Jack cocked his head toward the bathroom door. “ Go on.”
He had given me an old fire department t-shirt and a pair of sweatpants. The t-shirt was basically a tent, and the sweatpants had to be rolled over four times so they wouldn’t drag on the ground or fall off my hips. But they were warm, dry, and comfortable, and smelled just like him.
I tiptoed out to find Jack clearing off the kitchen table. He had set up my laptop beside a fresh cup of coffee, and was moving his mail and a basket of folded laundry.
“You didn’t have to do all that . . .” I said.
“You can sit at the table or on the couch or the recliner if you want. Whatever’s most comfortable,” Jack said. His muscles flexed and rippled as he picked up the laundry basket and tucked it under his arm.
“I promise I’ll be quiet,” I said as I bounced on my toes.
He cracked a smile. “ I’m a heavy sleeper.
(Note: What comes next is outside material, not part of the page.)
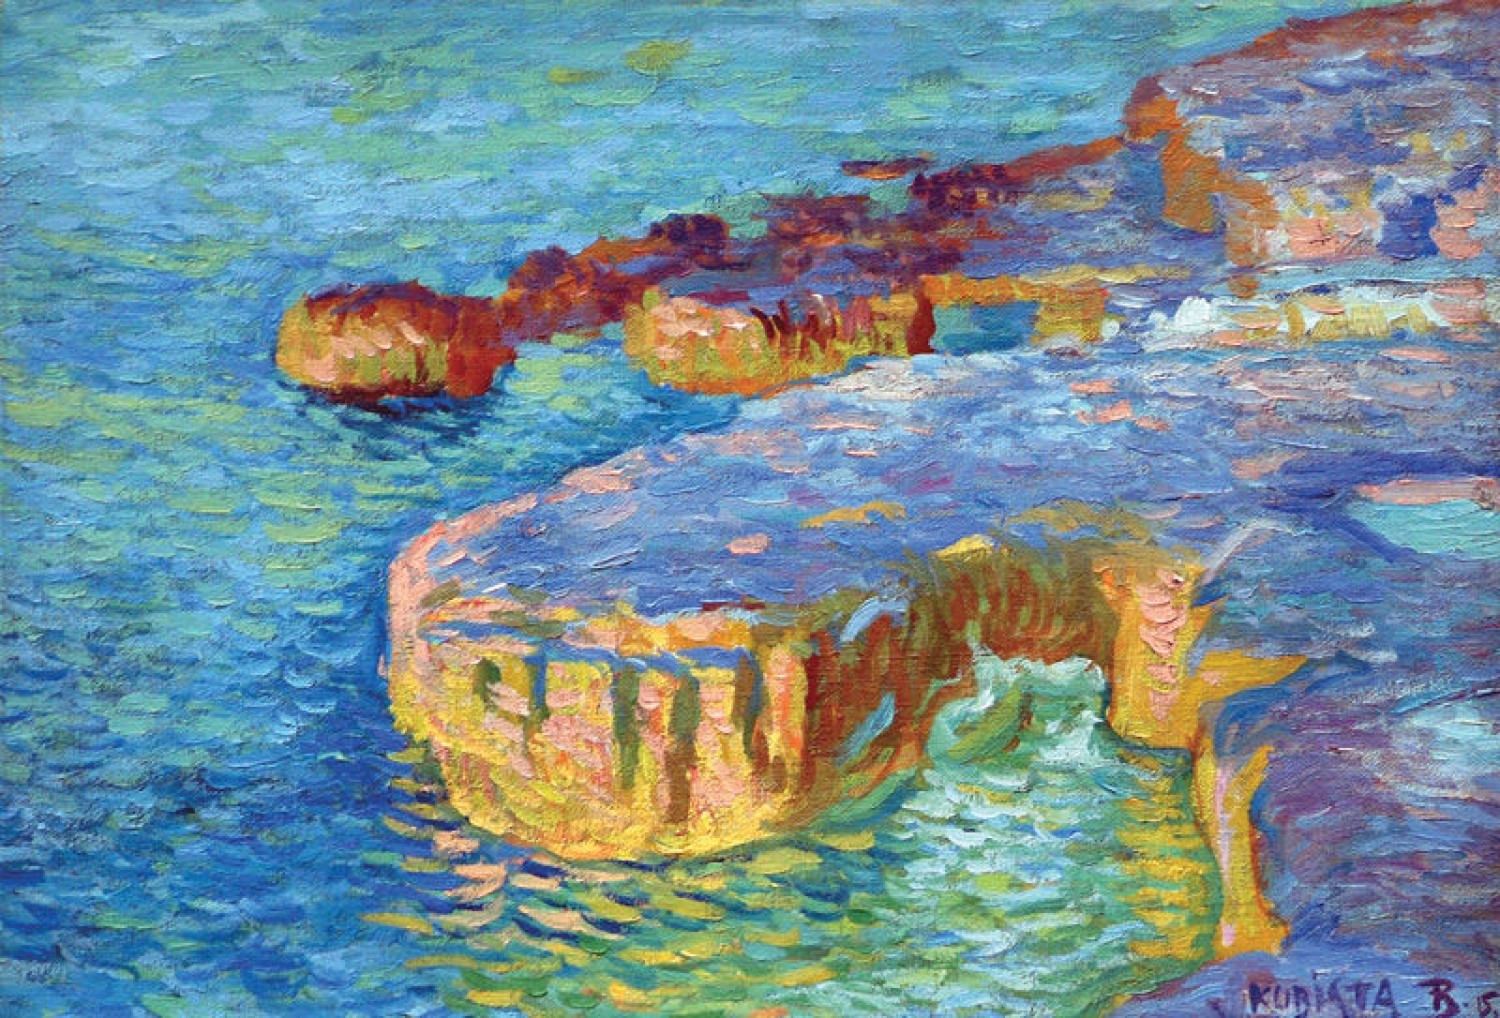 Skalnaté pobřeží (Moře), 1915, olej na plátně, 36 x 52 cm, 1. Art Consulting 28.1.2007, cena: 3 658 000 Kč

You won’t bother me.”
We went our separate ways, him slipping back into his bedroom as I settled into the kitchen chair.
I had just pulled up the document I started when Jack walked back into the room with something in his hands.
“One more thing,” he said as he came up behind me. Jack set a thick white notebook beside the mug of coffee. The edges were singed and seared. Char marks streaked the cover, but the pages inside were mostly untouched. “ I think you might need this.”
I gasped as I smoothed my fingers over the cover. “ You . . . saved my plotting notebook?”
Jack shrugged. “ Looked pretty important. I figured I’d keep it out of sight, out of mind if you weren’t ready to revisit writing again. And if you were, it was safe and sound waiting for you.”
I couldn’t help myself. I jumped out of the seat and kissed him square on the mouth. Jack’s momentary surprise quickly dispersed into a deep, soul-stealing kiss. His hands wandered around my waist, pulling me in as close as he could while he tipped his head to the side to deepen the connection. His tongue slid against mine, stroking and massaging. The taste of toothpaste and coffee was a potent combination. I pressed my body to his, seeking more, but it wasn’t enough. A torrent of gratitude and lust melded with the realization that he saw me. He understood me.
I broke first, desperate for cool oxygen while Jack held my hands against his bare chest.
“That was a hell of a ‘thank you,’ Roar ,” he murmured against my lips.
“You don’t know how much that means to me,” I said as we rested our foreheads together.
Jack squeezed my hands once before letting go. “ Get to work, Wander . I believe in you.”
“You going to bed?”
He nodded. “ Holler if you need anything.”